The NFL Draft has become the Super bowl of the off-season. The NFL has taken what is essentially a human resources function, and turned it into a three-day event. The NFL Draft is:
- Sponsored by some of the most successful companies in the world
- Broadcast by two networks
- Watched by 25 million people last year.
Unfortunately, all of the coverage can lead to information overload, especially on social media. Following is a list of the best people and websites to follow to keep you informed about all aspects of the NFL Draft:
Here are Your Must-Follows for the NFL Draft
For Breaking News:
Both Glazer and Schefter are consistent and credible at breaking NFL stories. They are the best to follow if you want to know which teams are trading up, which veterans are released or which prospect is slipping in the draft. If you want to stay in the loop of all of the up-to-date information as it breaks, you have to follow these two guys. They are the two leaders who seem to break all of the stories. And as was mentioned earlier, they are highly credible. Credibility becomes very important, especially if you’re an avid retweeter. You don’t want to be spreading any inaccurate information to YOUR followers.
- John Ourand, Sports Business Journal (@Ourand_SBJ)
- Liz Mullen, Sports Business Journal (@SBJLizMullen)

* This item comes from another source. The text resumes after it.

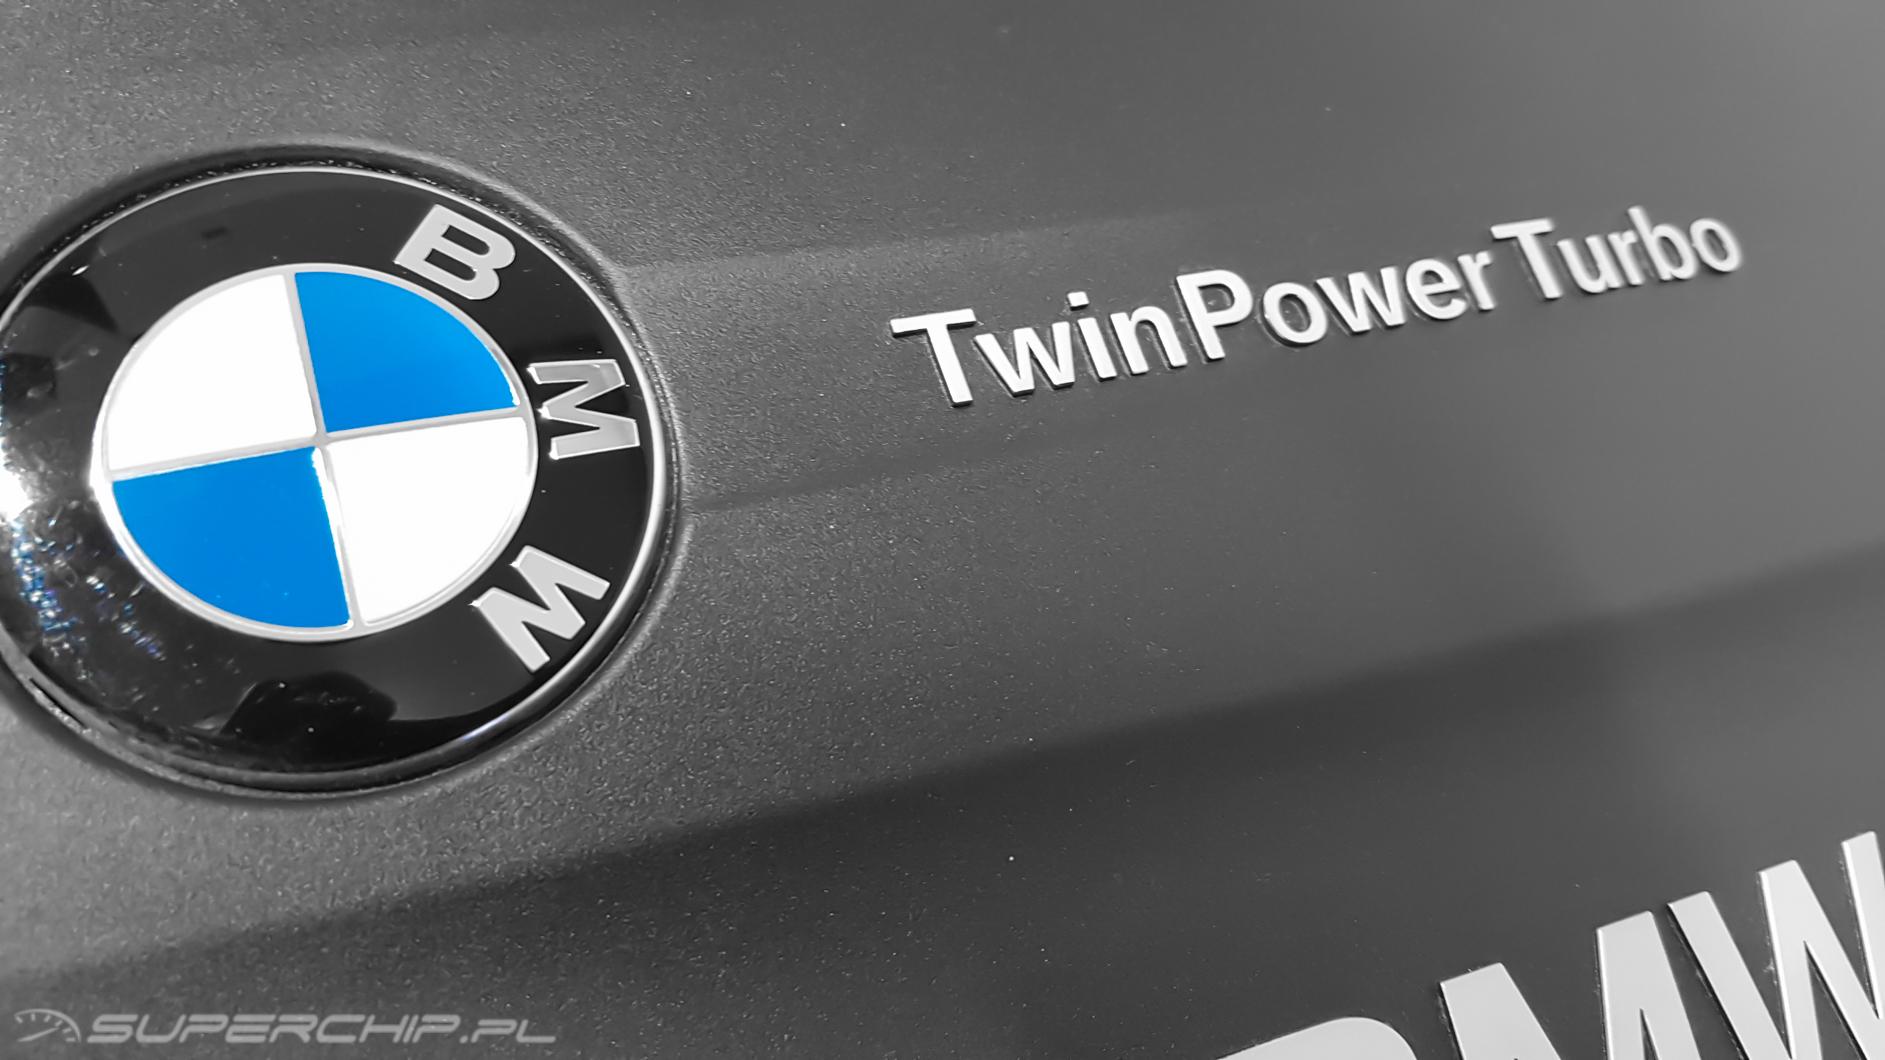 Power box BMW X4 20d 190 KM 140 kW

- Andrew Brandt, ESPN (@adbrandt)
Ourand covers sports media and gives you the scoop on ratings, broadcast innovations and sponsorship activation on television and the web/social media. Mullen specializes in labor and athlete representation. If you want to know which agencies represent your favorite college prospect, Mullen is the the person to follow. Andrew Brandt is a lawyer who used to negotiate player contracts for the Green Bay Packers. He gives great insight on how trades, free agent signings and drafting players works from a front office perspective.
For Advanced Statistics and Player Analysis
I admit I am biased – I have volunteered for the Football Outsiders game charting project for eight seasons (they pay me in books). With that said Football Outsiders is very creditable and has partnered with ESPN on various projects. Their statistics are very accurate and they are developing some interesting metrics to project the professional performance of college pass rushers and quarterbacks. Pro Football Focus is another great resource with unique metrics to analyze players. Their analysis has been used by many football writers including Sports Illustrated’s Peter King. Greg Cosell doesn’t tweet daily, but when he does he gives brilliant analysis of draft prospects based on film study he does at NFL Films. Who are some of your favorite people to follow for NFL Draft coverage?